Спускаясь по лестнице, я поймала себя на том, что вспоминаю, как мы подружились с Дженни, эта история началась еще до того, как мы встретились. В последний вечер перед нашим с Санджеем отъездом из Бруклина наши ближайшие друзья потащили нас на прощальный ужин в наш любимый ресторан. Стиви было полгода от роду, и в этот момент она была чудесным ребенком, из тех, которые вводят в вас в заблуждение, внушая мысль о том, что воспитание детей – это как раз то, что вы себе представляли. Я качала ее на коленях, пока на столе сменяли тарелочки, а в бокалы снова и снова подливали вино. В какой-то момент моя подруга Алекс, улыбнувшись ярко-розовыми губами, сказала со своим отвратительным висконсинским акцентом с оттенками диалекта Западной Новой Гвинеи:
– Не беспокойся, дорогая. Вы вернетесь.
– Разумеется, вернемся, – сказала я, хотя ни в чем подобном уверена не была. – Если все пойдет по плану, может быть, года через четыре, когда Санджей будет учиться в ординатуре.
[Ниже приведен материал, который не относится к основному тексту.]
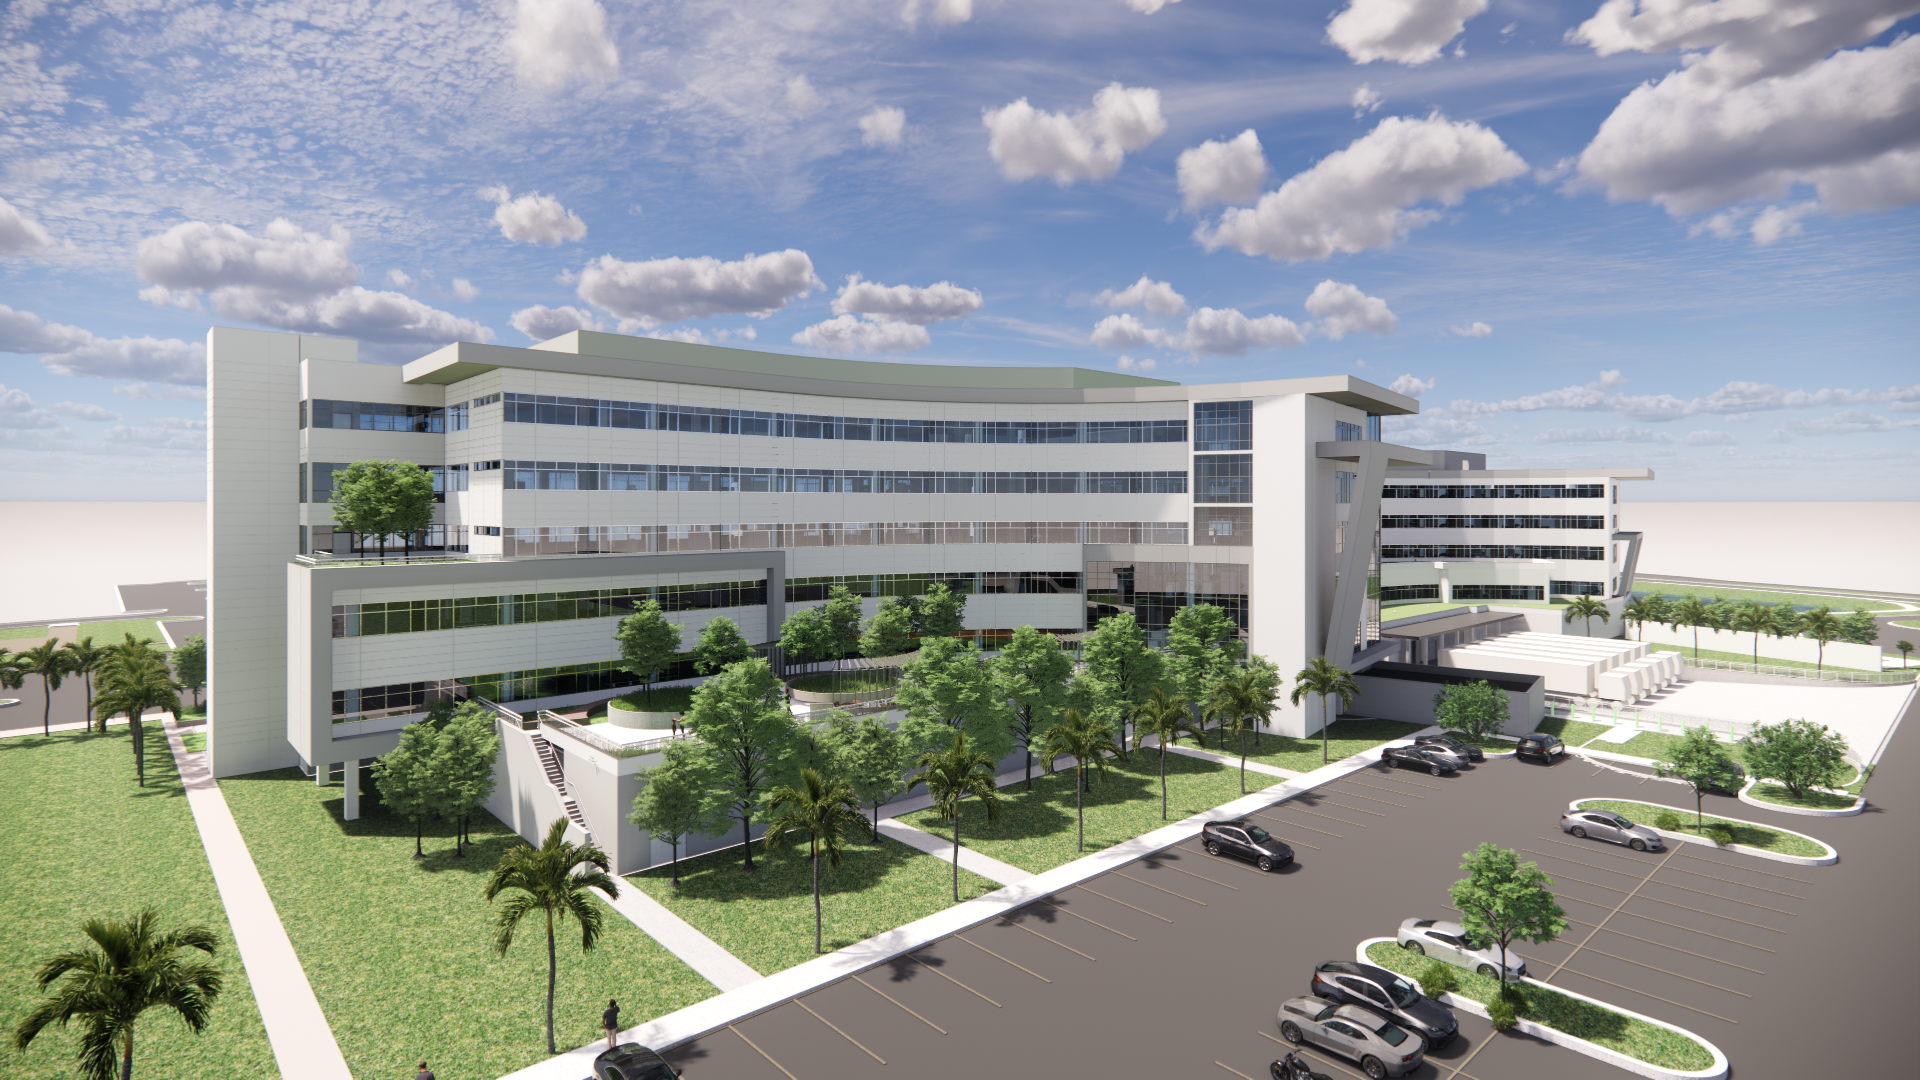 An artist's rendering of the new UF Health North tower.

Наше семейство Руиз-Кар, состоящее их трех человек, направлялось на запад, не то чтобы нам нужно было пересечь половину страны, хотя в те времена даже Нью-Джерси воспринимался как Тимбукту. Но наш маршрут был уже уточнен. После нескольких лет подготовки Санджея приняли в медицинскую школу, занимавшую девятое место в национальном рейтинге, он планировал получить там специальность невролога, или нефролога, или, возможно, психиатра, как его отец.
Сказать, что у меня были сомнения по поводу этого блестящего плана, было бы преуменьшением. Мы с Санджеем знали друг друга почти десять лет и семь лет из них были вместе. На протяжении всего этого времени он был похож на семечко, созревшее для дальнейшей жизни, но не пустившее корни и гонимое ветром. Как мог мужчина, часами смотревший документальные фильмы о Джими Хендриксе и читавший биографии Чарли Паркера и Чет Бейкер, верить, что, еще немного подучившись, он сможет волшебным образом превратиться в человека, страстно увлеченного физиологией? Почему было бы не принять себя таким, каким он был, и не найти полезную и хорошо оплачиваемую работу, соответствующую его истинным интересам, то есть музыке и искусству, и не имеющую отношения к медицине? Разве он не понимал, что у него были причины пойти работать в журнал об искусстве, вместо того чтобы после окончания колледжа учиться в медицинской школе?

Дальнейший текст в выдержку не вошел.